If the patient goes home with a peripheral nerve block catheter with an infusion, Dr. Mundey gives him a phone number he can call with any questions or concerns about pain management 24 hours a day.

Set realistic pain goals
This starts with the surgeon during pre-op visits and continues throughout the perioperative encounter, says Dr. Mundey. “The nurses and the anesthesiologist continue to drive home the point that surgery hurts, but if patients comply with their multimodal pain management protocol, which may include nerve blocks and multiple different types of pain meds, their pain can be manageable,” says Dr. Mundey, who stresses to patients that manageable does not mean the absence of pain and varies from patient to patient.

OPIOID-SPARING
Pain Pumps for Up to 5 Days of ‘Ahh’

Orthopedic surgeon Joseph Guettler, MD NON-OPIOID PAIN MANAGEMENT Orthopedic surgeon Joseph Guettler, MD, says it’s imperative that physicians and patients explore alternatives to narcotics for pain management.
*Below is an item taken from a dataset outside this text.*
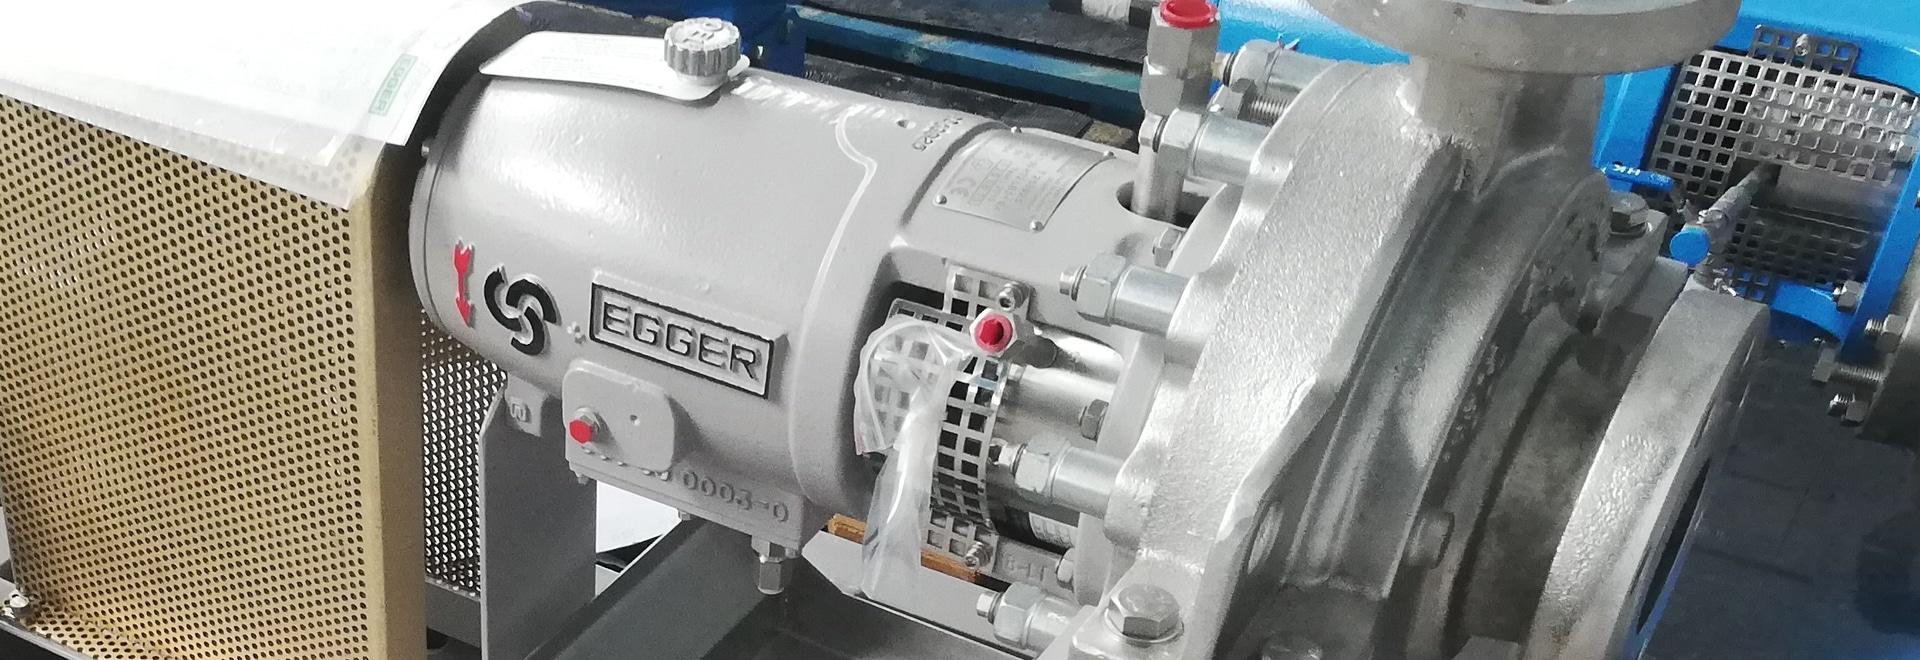 Egger Reactor pump for Eastman, USA
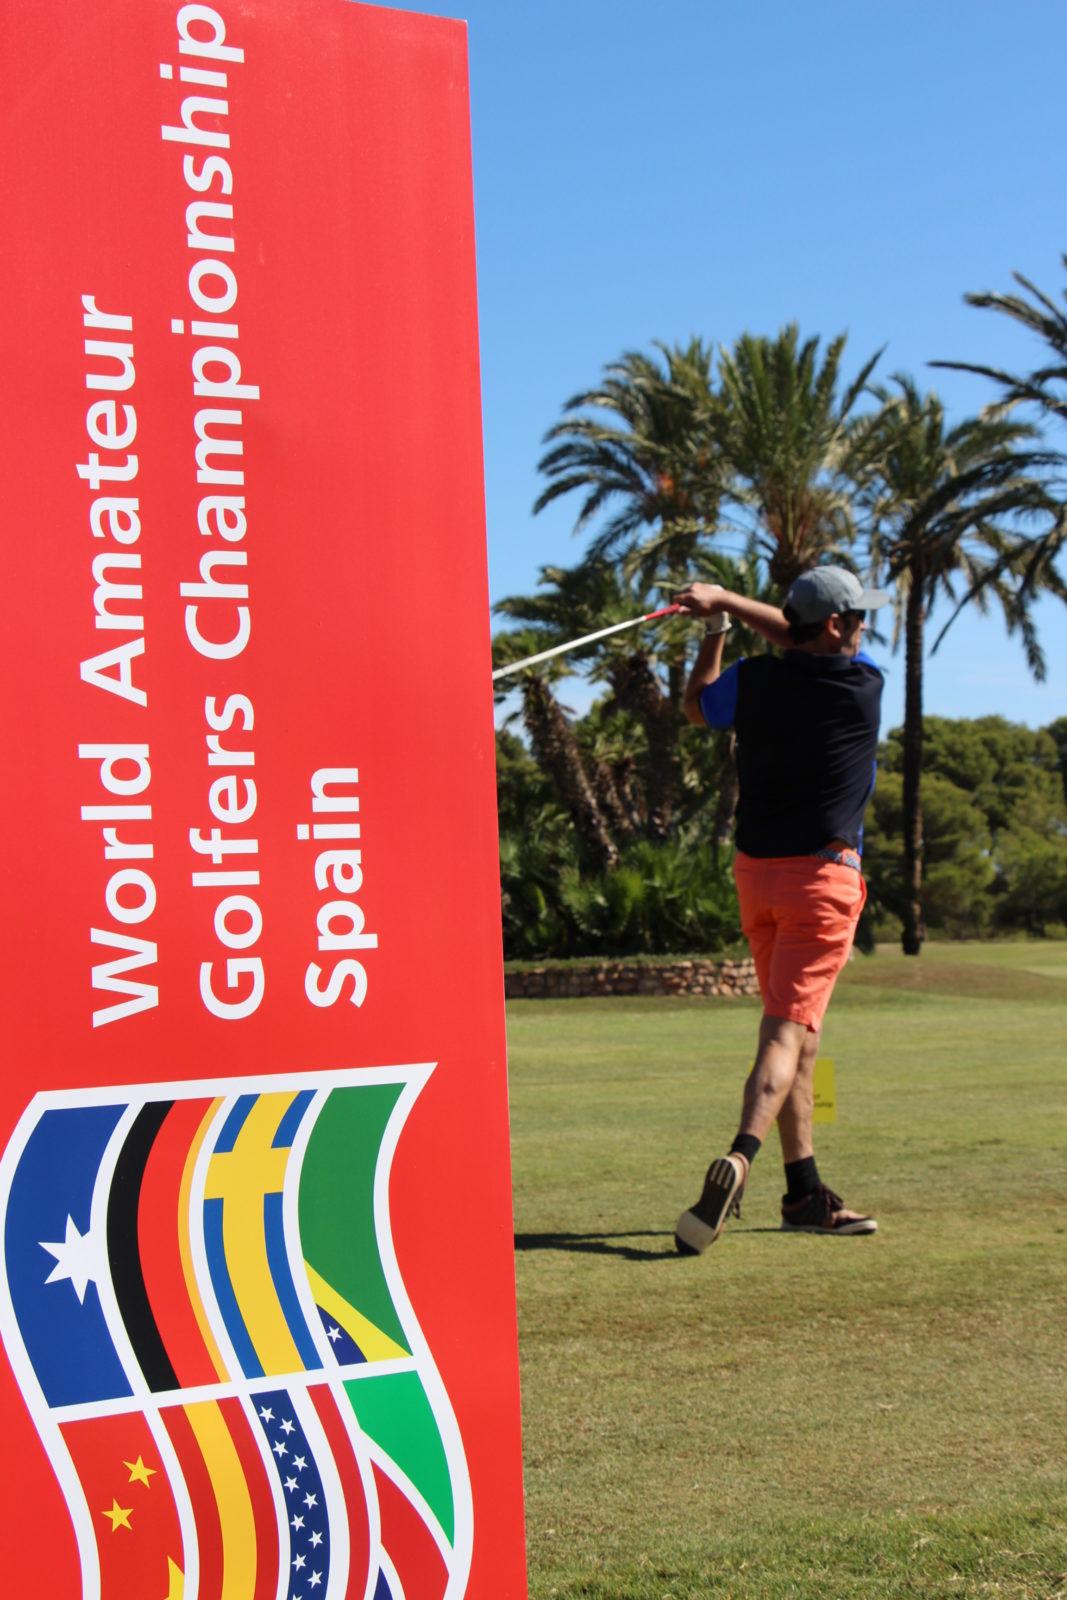 La Manga Club acoge la Final Nacional del Campeonato del Mundo de Golf Amateur

To help reduce the side effects of narcotics, Unasource Surgery Center in Troy, Mich., regularly performs femoral nerve blocks for surgeries like ACL reconstructions and adductor nerve blocks for routine knee arthroscopies, says orthopedic surgeon and sports medicine specialist Joseph Guettler, MD.

Dr. Guettler is a proponent of non-narcotic pain relief pumps that reduce post-surgical pain for up to 2 to 5 days by delivering an automatic and continuous regulated flow of local anesthetic through a specially designed catheter inserted near the surgical site or in close proximity to nerves. “My patients experience fewer narcotic-related side effects and a faster early recovery when compared to narcotics alone,” says Dr. Guettler. “I truly believe — as I tell my patients — that these nerve blocks have revolutionized early post-operative pain control.”